A quantitative structure activity relationship (QSAR) assessment of aquatic toxicity of the inhibitor, in pure form, was performed using the OECD QSAR toolbox and a relevant subset of model molecules from databases of aquatic toxicity results. According to the US EPA classification, the derived model predicted the pure compound to be moderately toxic to algae, slightly toxic to Daphnia Magna and practically non-toxic to fish.  Practically speaking, aquatic species do not have a high potential for exposure to the inhibitor in pure form but would be more prone to encounter drilling fluid formulations. Thus, testing for the toxicity of fully formulated drilling fluids toward aquatic species is more relevant and would often be expected to be less than that of the pure compound for each respective species, as predicted above.

A 96-hr definitive bioassay was conducted on a Generic 7 drilling fluid containing up to 2 wt% of the inhibitor following EPA’s drilling fluid toxicity test guidelines. The results showed a LC50 value, the concentration at which 50% of the test organisms respond, above 50,000 ppm, thus passing the guideline minimum requirement of 30,000 ppm. This indicates that the second-generation inhibitor may generate remarkable inhibition performance, as well as have minimal environmental impact.
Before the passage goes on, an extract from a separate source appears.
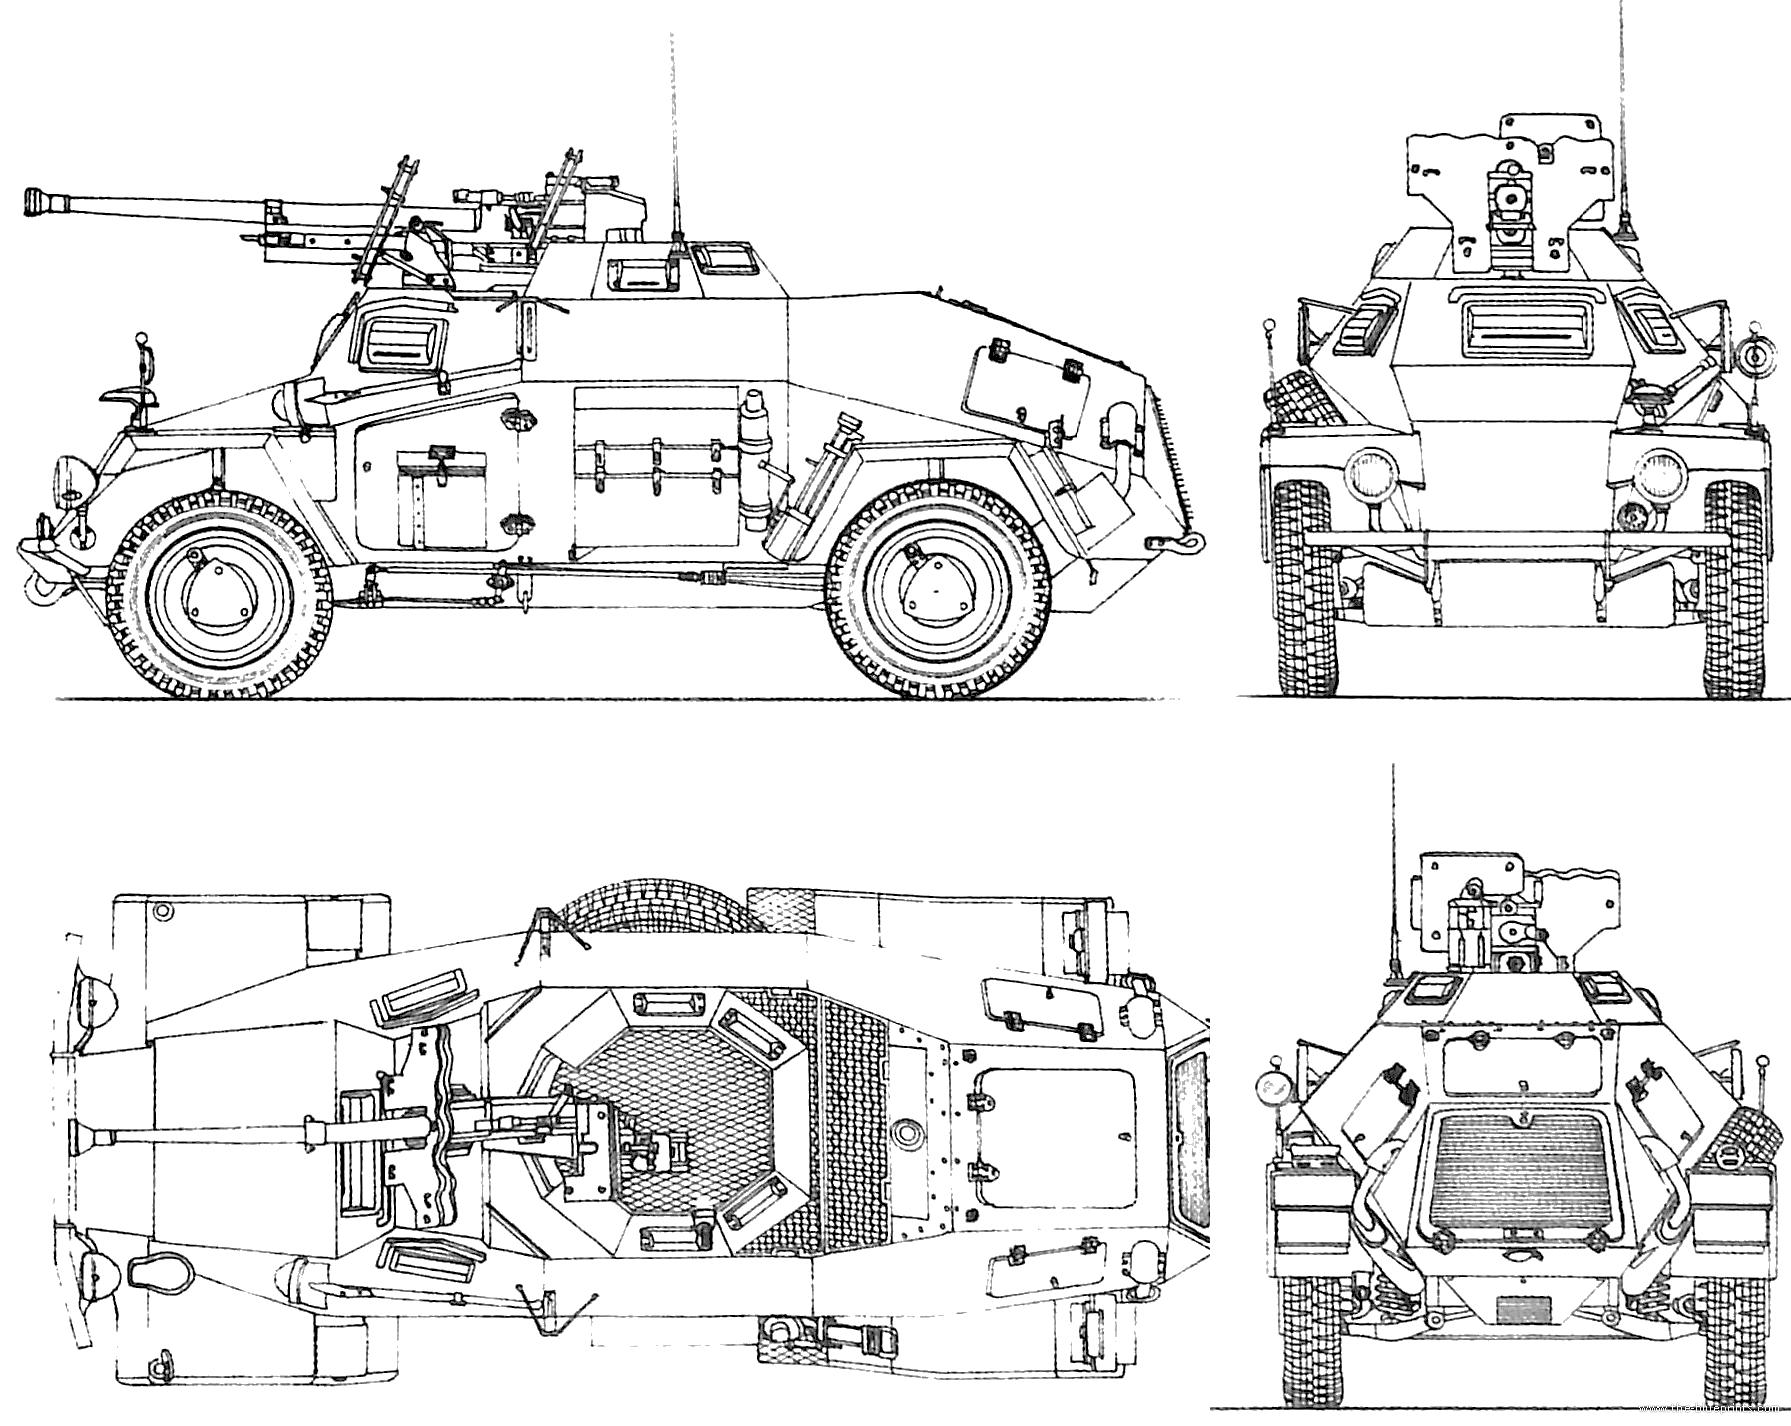 Бронеавтомобиль лб-нати (ба-нати) | армии и солдаты. военная энциклопедия

Environmental data for Chemistries A, B and an industry-leading amine that encompass toxicity and biodegradation test results, as well as partition coefficients, shows an evolution in improvements in toxicity and biodegradation results within the series. Chemistry A exhibits good toxicity data but poor biodegradation, an element that Chemistry B improves upon. A high-end industry-leading amine, despite an excellent shale performance, can have very poor toxicity and biodegradation characteristics.

Conclusions

The main goal for this investigation was to identify new chemistries that have enhanced shale inhibition characteristics that could be in used in freshwater systems and which also have enhanced toxicity and biodegradation profiles. The focus of these efforts would be for land drilling in environmentally sensitive locations, where environmental regulations are either stringent or are becoming more challenging.

Extensive experiments were performed to identify not only new chemistries but also structural factors that contribute to excellent shale inhibition. A novel chemistry was identified and developed that shows excellent performance across economic, technical and environmental parameters. This chemistry represents an excellent replacement for glycol/KCl systems. A next-generation inhibitor with superior performance for demanding applications was also identified and is being validated.

The methodology presented allowed the development of new chemistry and an improved understanding of how molecular structure affects both shale inhibition performance and environmental impact. This knowledge will enable continued product development and will provide the drilling industry with improved materials to mitigate formation damage.

This article is based on a presentation at the 2013 AADE National Technical Conference & Exhibition, Oklahoma City, Okla., 26-27 February.